Most of us know how important it is to get in the right amount of protein after a training session to help with the recovery process. Recently however, it’s been shown how important the a pre-workout combination of protein and carbs is for fueling your workout and stimulating recovery. It’s been suggested that nutrient timing is less of a concern, and that it’s more important to keep your muscles sustained with glycogen while retaining muscle amino levels to keep the body in a state of muscle building to help avoid muscle catabolism or breakdown altogether. That means eating frequently throughout the day – every two to three hours – to help sustain and maintain your hard earned muscle! Here are five foods that will help make sure you’ve got enough energy in the tank to make it through the toughest of training sessions. - See more at: http://fitnessrxformen.com/nutrition/the-5-best-pre-workout-foods/#sthash.jXQNAigu.dpuf
The body needs both fast and slow-digesting carbohydrates to make it through workout. Fast carbohydrates are delivered and used up by the muscles quickly, while slower-digesting carbs help maintain energy levels longer. Bananas deliver both simple sugars and slow digesting fiber. One medium banana packs 27 g of carbs and 3.1 g of fiber! Bananas are also high in potassium, which is something the body tends to deplete through sweat and muscle metabolism during a workout. Potassium helps maintain muscle and nerve function, so getting in a banana pre-workout will help maintain energy levels but also help improve muscle function. Add a banana to a protein smoothie, or chop it up into some non-fat Greek yogurt or a bowl of oats.

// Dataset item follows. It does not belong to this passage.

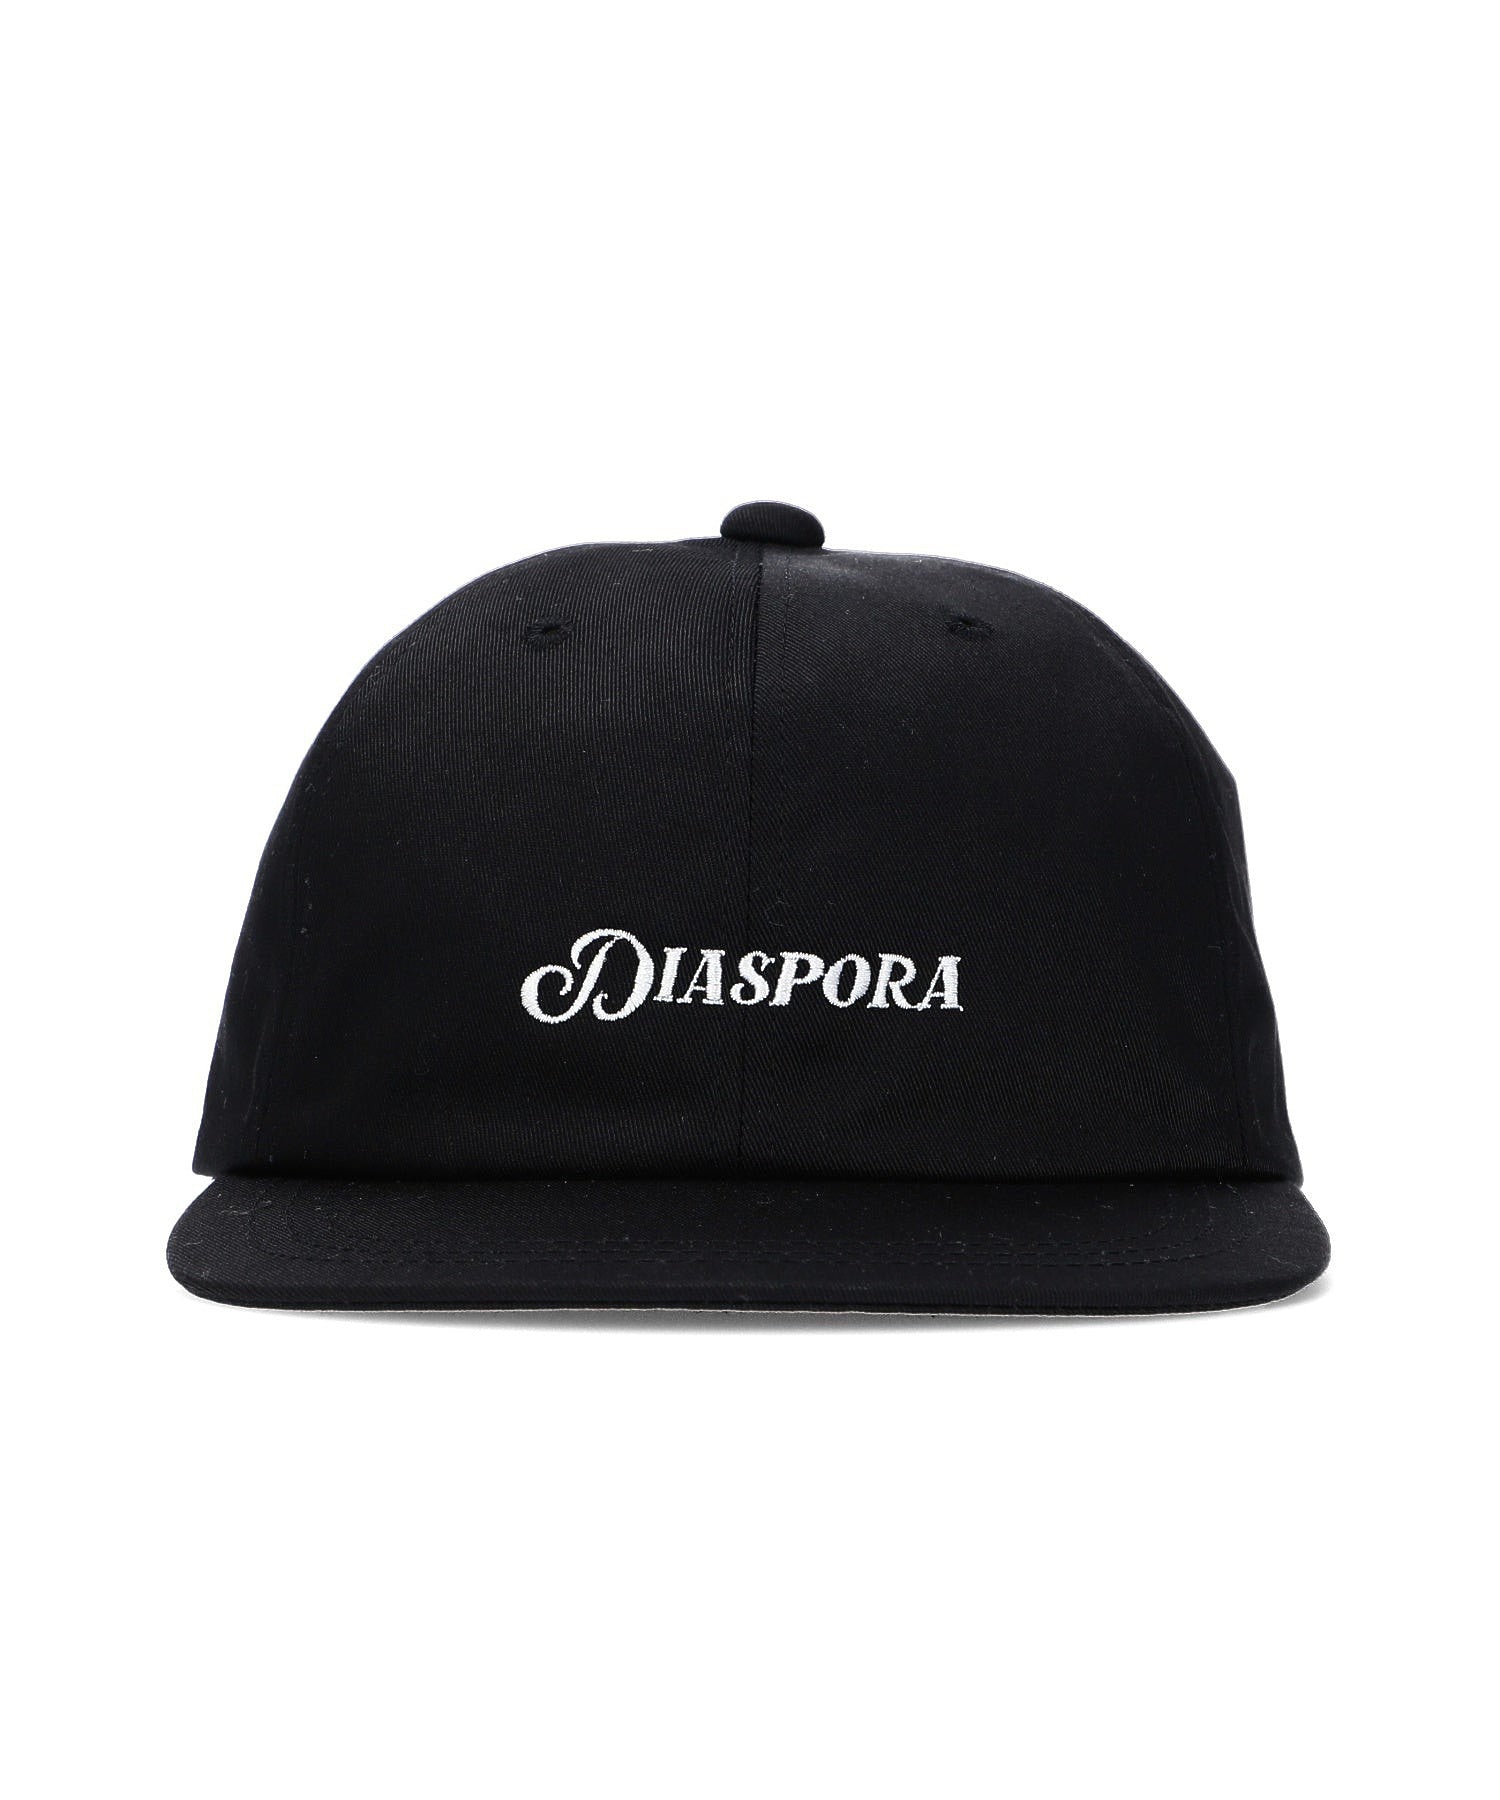 Diaspora Skateboards/ディアスポラスケートボーズ/CASTANEA 6 PANEL CAP/HW03

Not just for your morning breakfast, this complex carbohydrate is slow-digesting and packed with fiber to provide long-lasting energy. Eating complex carbohydrates prior to your workout can help preserve muscle glycogen – which is the stored form of carbohydrate in the muscle. When muscle glycogen is retained, the muscles have more energy to power through longer workouts without falling short. One cup of oatmeal delivers 27 g of carbohydrates, 4 g of dietary fiber. The best thing about oatmeal – it can be eaten however you like it! Oatmeal can be eaten plain, added to a protein smoothie, or served up with your favorite fruit. It can also be added to pretty much any recipe from protein pancakes, to tuna cakes to meatloaf!
3. WHEY PROTEIN
Whey protein is a convenient supplement for helping you achieve your daily protein needs. Not only that, a scoop or two of whey before your workout can help ensure your muscle amino levels remain elevated during and after your workout. One study showed the consumption of 20 g of whey protein before exercise elevated muscular uptake of aminos by nearly 4.5 times over of pre-exercise resting levels during exercise, and didn’t return to baseline levels until three hours post-workout! Why is this important? Amino levels in the muscle are an indication of protein synthesis, or muscle building. When amino levels dip, this causes the muscle to shift from maintaining a positive state of muscle anabolism (building) to muscle catabolism (breakdown). In essence, the muscle starts to deplete itself for a source of fuel.
4. NON-FAT GREEK YOGURT
You may not be aware, but Greek Yogurt is nothing more than strained whey protein in the creamy version. And just like Whey Protein, Greek Yogurt is also packed with protein with 18 g in a ¾ cup serving. If you’re not a fan of eating plain yogurt, add a scoop of your favorite protein powder to up the protein content and change the flavor from boring to dessert-like deliciousness. You can also mix yogurt into a protein smoothie for added protein and a creamy texture, or add your favorite fruit for the perfect pre-workout snack.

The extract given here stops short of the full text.